The other factor is still dangerously latent. It involves ANCAP, its liabilities and the agreements signed with Venezuela in the framework of the Artigas-Bolívar Fund. A classic of this continent, signed during the presidency of Hugo Chávez and the first term of Tabaré and continuing during he Mujica presidency with Raúl Sendic at the helm of the company, bartering PDVSA oil for Uruguayan agricultural produce. In the middle, ANCAP. In this case, also taken by the opposition before the courtroom for organised crime, public opinion feels the weight of refinancing US$800 million, the debt left by Sendic’s ANCAP stewardship. Javier Vázquez, the president’s son, also appears to be mentioned in the deals with Venezuela. Another double fault.

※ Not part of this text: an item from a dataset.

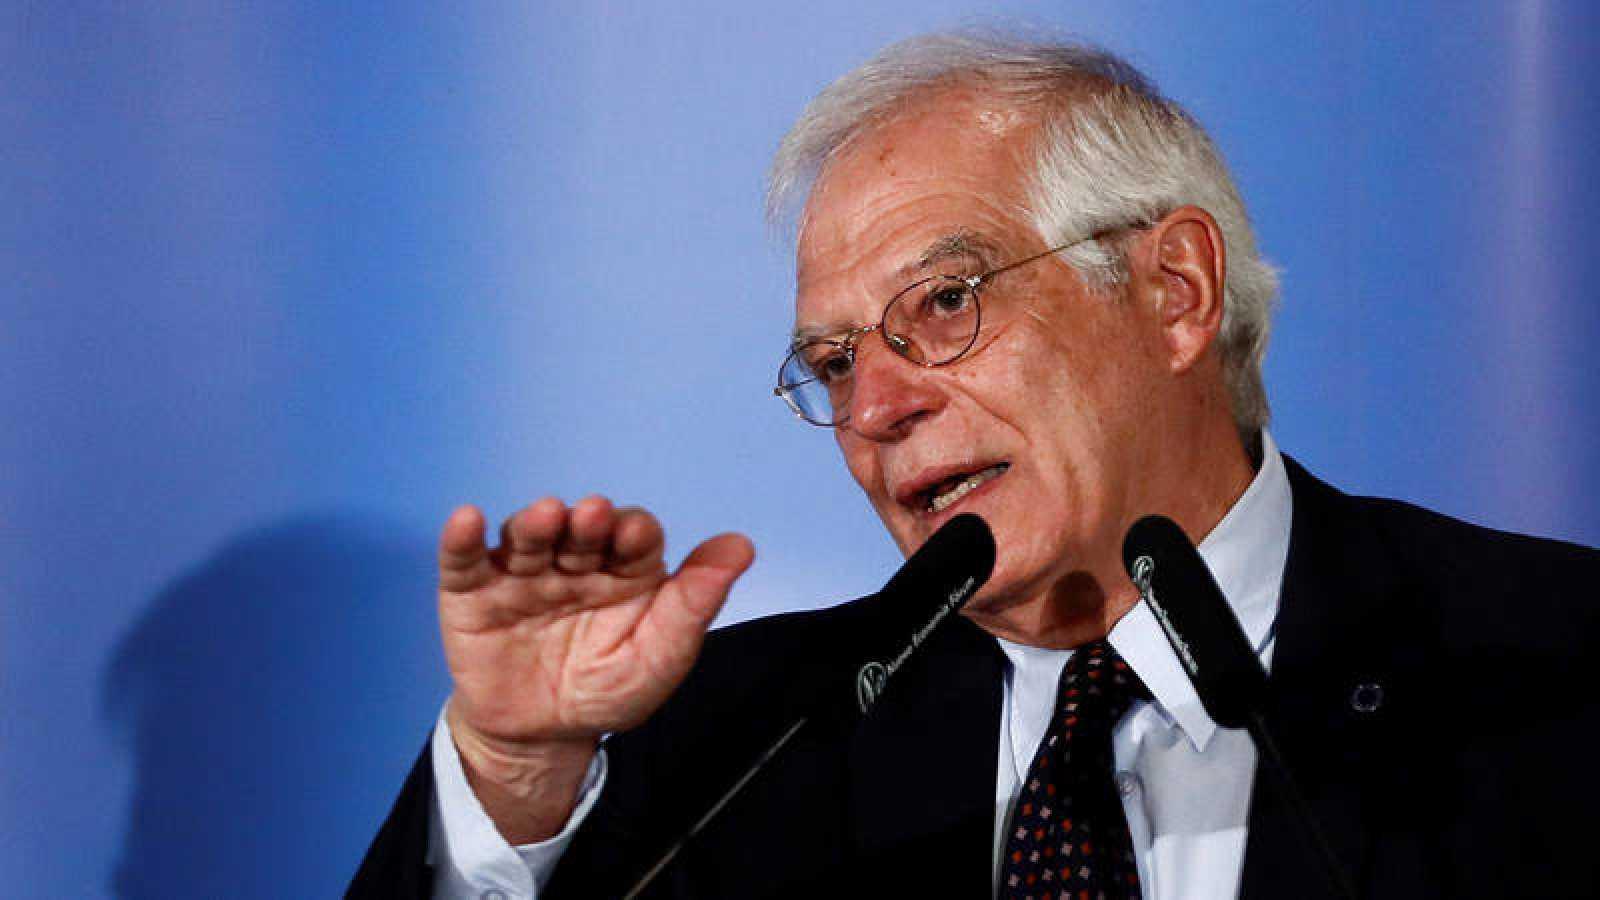 El titular de Asuntos Exteriores, Josep Borrell, durante su intervención en un desayuno informativo en Madrid

“All these factors weaken the Uruguayan left,” says Guillermo Lussich, a Uruguayan journalist and pundit. “Uruguay already stands at the threshold of elections and the Broad Front knows that it cannot leave any flanks exposed for public questioning.” Bearing in mind a fiscal deficit of 3.5 percent of GDP and the biggest indebtedness in its history, some US$ 40 billion, there is little or no margin for error in electoral tickets.